President Joe Biden left the White House for Camp David on Feb. 12.
On Tuesday (Feb. 16), President Biden rejected a Democratic proposal pushed by Senate Majority Leader Sen. Chuck Schumer, D-N.Y., and Sen. Elizabeth Warren, D-Massachusetts. The proposal seeks to eliminate up to $50,000 in debt for each student loan borrower. Biden was immediately opposed by progressives in his party.
“I’m not going to let that happen,” Biden said of the proposal to eliminate $50,000 in student loan debt. Instead, he told an audience at a CNN town hall meeting that he believes loan forgiveness “depends on whether you go to a private college or a public college. It depends on what I said to one community: ‘I’m going to forgive the billions of dollars of debt owed by people who went to Harvard, Yale and Penn.”
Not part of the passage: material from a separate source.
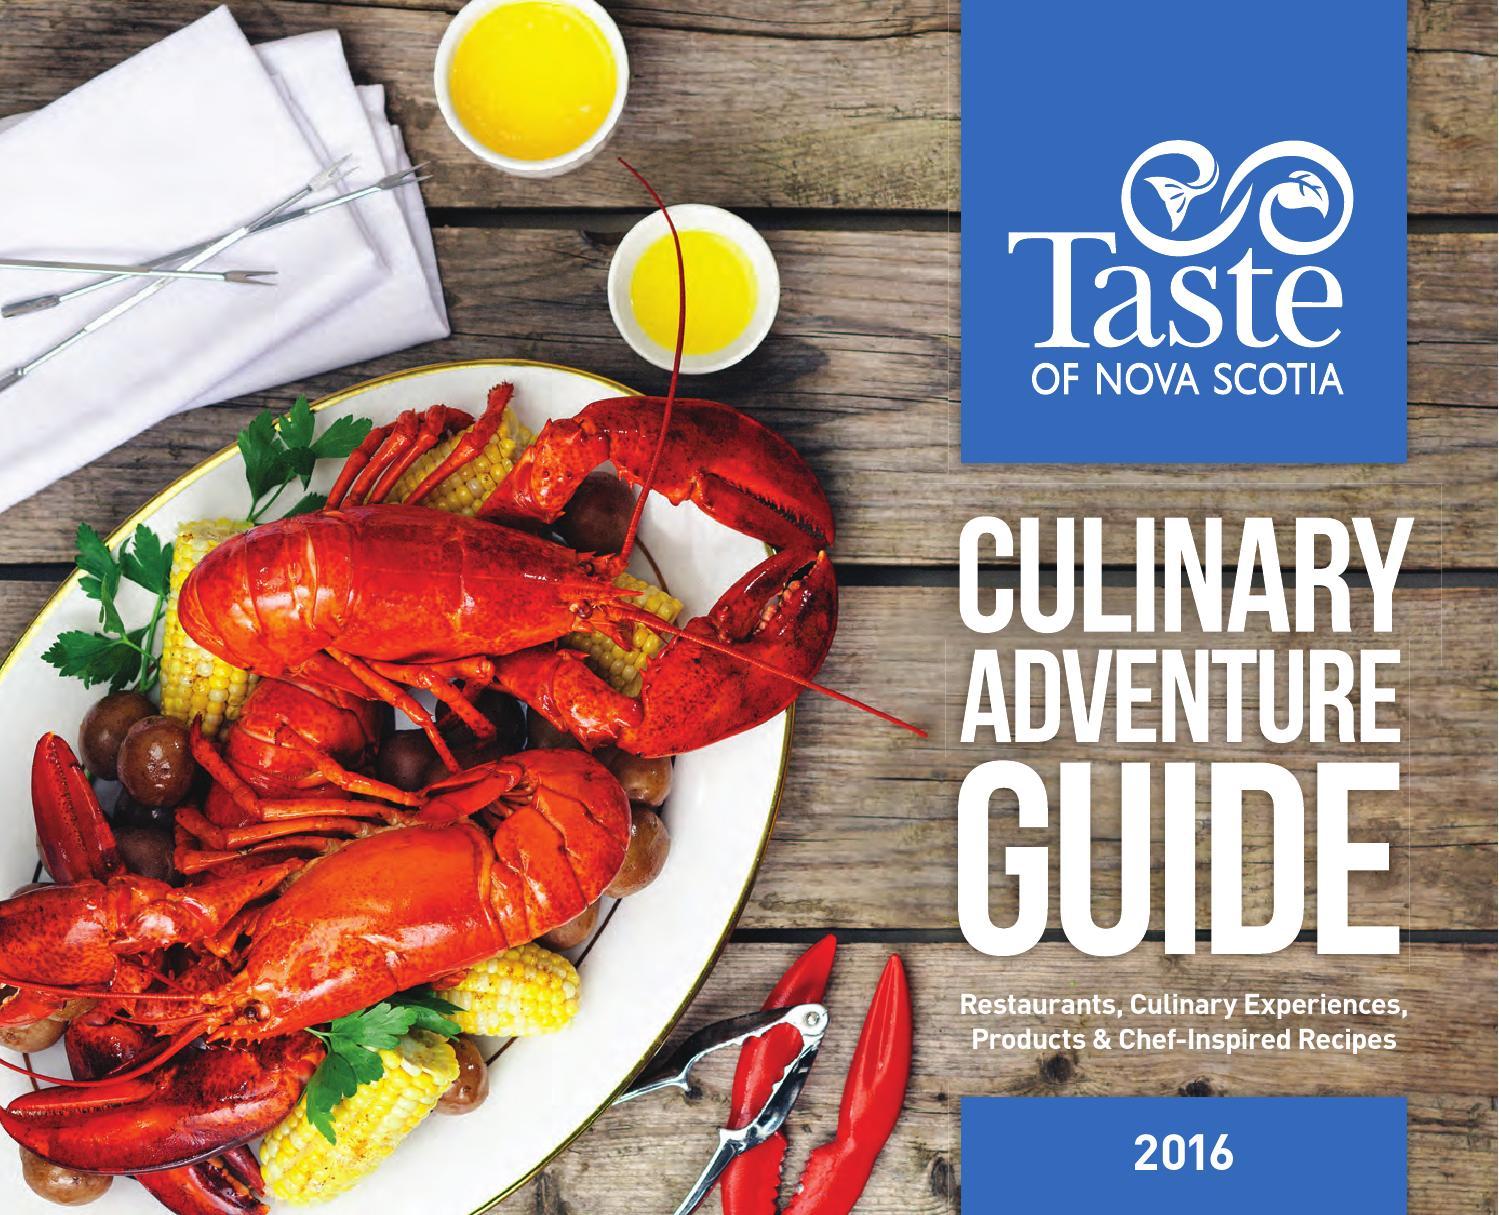 Red Lobster Lincoln Ne 2016 Taste Of Nova Scotia Culinary Adventure Guide By Taste Of

Biden added that he would rather “use the money to provide early Education for children from poor families, but I do think that everyone, and I’ve been proposing this for four years, everyone should be able to go to community college for free.”
Biden said he supports and has the authority to forgive $10,000 in student loan debt, but is not willing to increase the debt forgiveness to $50,000.
According to a Feb. 4 press statement, the Democratic loan forgiveness proposal “calls on the president to use his executive authority to cancel student loan debt and ensure that federal student loan borrowers are not subject to tax obligations as a result of debt forgiveness.”
The Democratic president said he also supports a policy that would allow any Family earning less than $125,000 a year to send their children to state universities for free.
Biden opposes full student loan forgiveness, a position being opposed by those on the far left of the party, including Democratic progressive Rep. Ilhan Omar of Minnesota, Democratic Rep. Alexandria Ocasio-Cortez (AOC) of New York, and Massachusetts Democratic Congresswoman Ayanna Pressley (D). They called on the federal government to provide free college education and 100 percent student loan forgiveness for all.
Rep. Omar agreed with the tweet that Democrats should “fight like hell” for student loan forgiveness. Republican Rep. Ocasio-Cortez also called Biden’s position weak and urged her followers to keep pushing for the policy.
Ocasio-Cortez tweeted, “Who cares what kind of school a person goes to? Entire generations of working class kids have been encouraged to take on more debt under the guise of elitism. This is wrong. No one is saying we have to trade early childhood education for student loan forgiveness. We can have both.”
She said, “The opposition to student loan forgiveness looks increasingly precarious. We’ve gotten support from the Senate majority leader for $50,000 in forgiveness. Biden has reservations about it. But many of the arguments against it simply don’t hold up under close scrutiny. We can and should do this. Keep up the good work.”
On Tuesday night, Warren renewed his call for loan forgiveness for minority students.
Warren tweeted, “We tell African-American students that college is the surest way to build a future – but for many systemic reasons, they are being overwhelmed by student loan debt. African-Americans know: we need President Biden to use his power to cancel student loan debt.”
Presley echoed Warren’s sentiments, saying, “A survey of registered African-American voters shows that 40 percent of voters are considering staying Home in the next election if the student loan debt issue is not addressed. #CancelStudentDebt, all that debt.”